Fifteen years ago today, Rafa Benitez's Reds took on the Italian side in the Champions League final in Istanbul.

Milan were hot favourites. They were 3-0 up at half-time. And we all know what happened next.

But while Liverpool's players were made instant legends, those in opposition have had to live with being on the receiving end of the most famous comeback of all time.

And for Andrea Pirlo, the Italian great who saw his penalty saved by Jerzy Dudek in the decisive shoot-out, the aftermath was almost too much.
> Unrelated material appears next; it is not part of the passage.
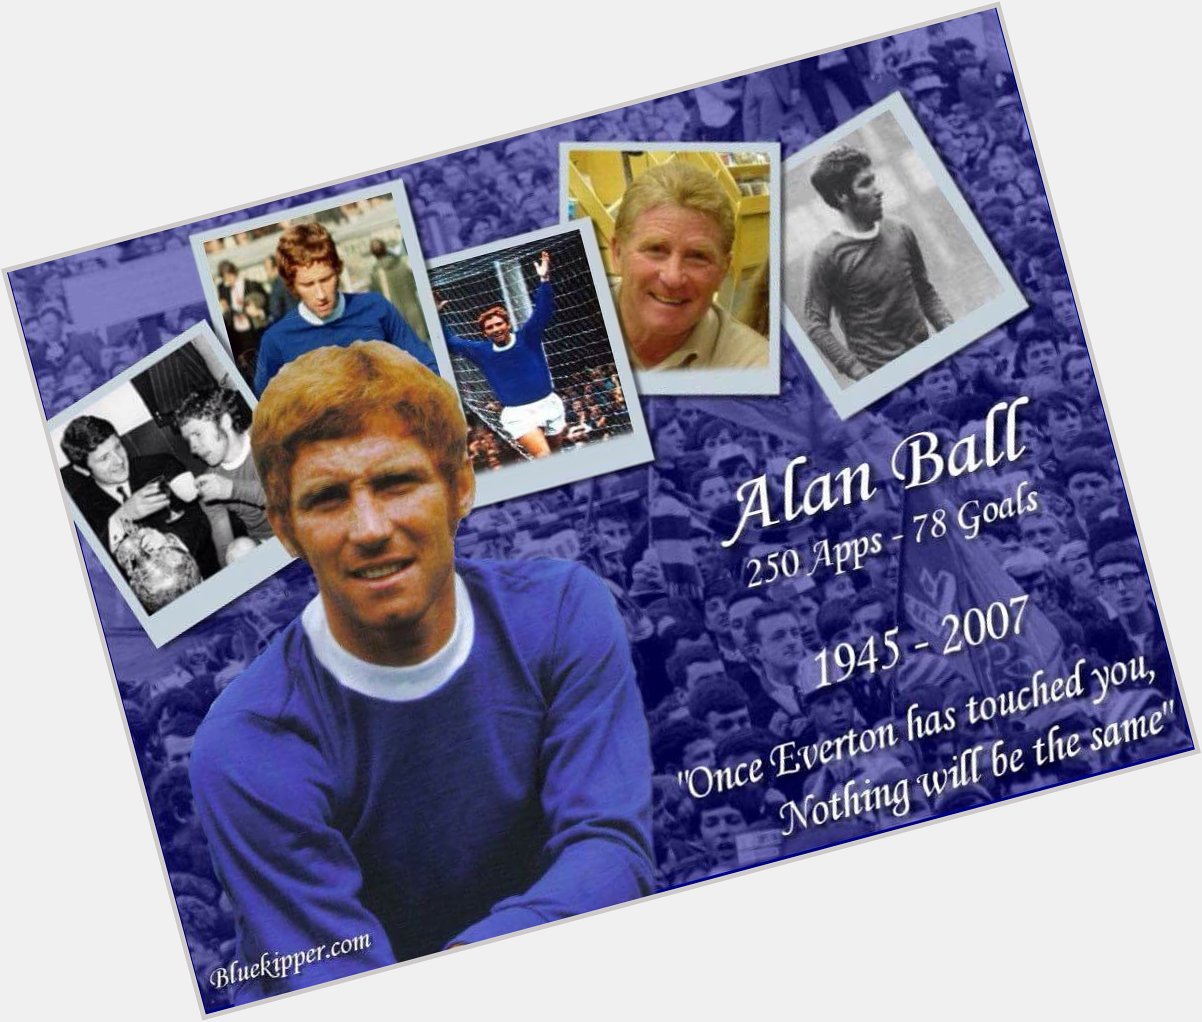 Happy birthday to a proper blue legend Little curly Alan Ball so missed the great man

"I thought about quitting because, after Istanbul, nothing made sense any more," he said.

"The 2005 Champions League final simply suffocated me. To most people’s minds, the reason we lost on penalties was Jerzy Dudek – that jackass of a dancer who took the mickey out of us by swaying about on his line and then rubbed salt into the wound by saving our spot kicks.

"But in time the truly painful sentence was realising that we were entirely to blame. How it happened I don’t know, but the fact remains that when the impossible becomes reality, somebody’s f***ed up – in this case, the entire team. A mass suicide where we all joined hands and jumped off the Bosphorus Bridge.

"When that torture of a game was finished, we sat like a bunch of half-wits in the dressing room there at the Ataturk Stadium.

"We couldn’t speak. We couldn’t move. They’d mentally destroyed us. The damage was already evident even in those early moments, and it only got more stark and serious as the hours went on.

"Insomnia, rage, depression, a sense of nothingness. We’d invented a new disease with multiple symptoms: Istanbul syndrome."

Pirlo, writing in his 2013 autobiography 'Pirlo: I Think Therefore I Play', added: "There are always lessons to be found in the darkest moments. It’s a moral obligation to dig deep and find that little glimmer of hope or pearl of wisdom.

"You might hit upon an elegant phrase that stays with you and makes the journey that little less bitter.

"I’ve tried with Istanbul and haven’t managed to get beyond these words: for f***’s sake."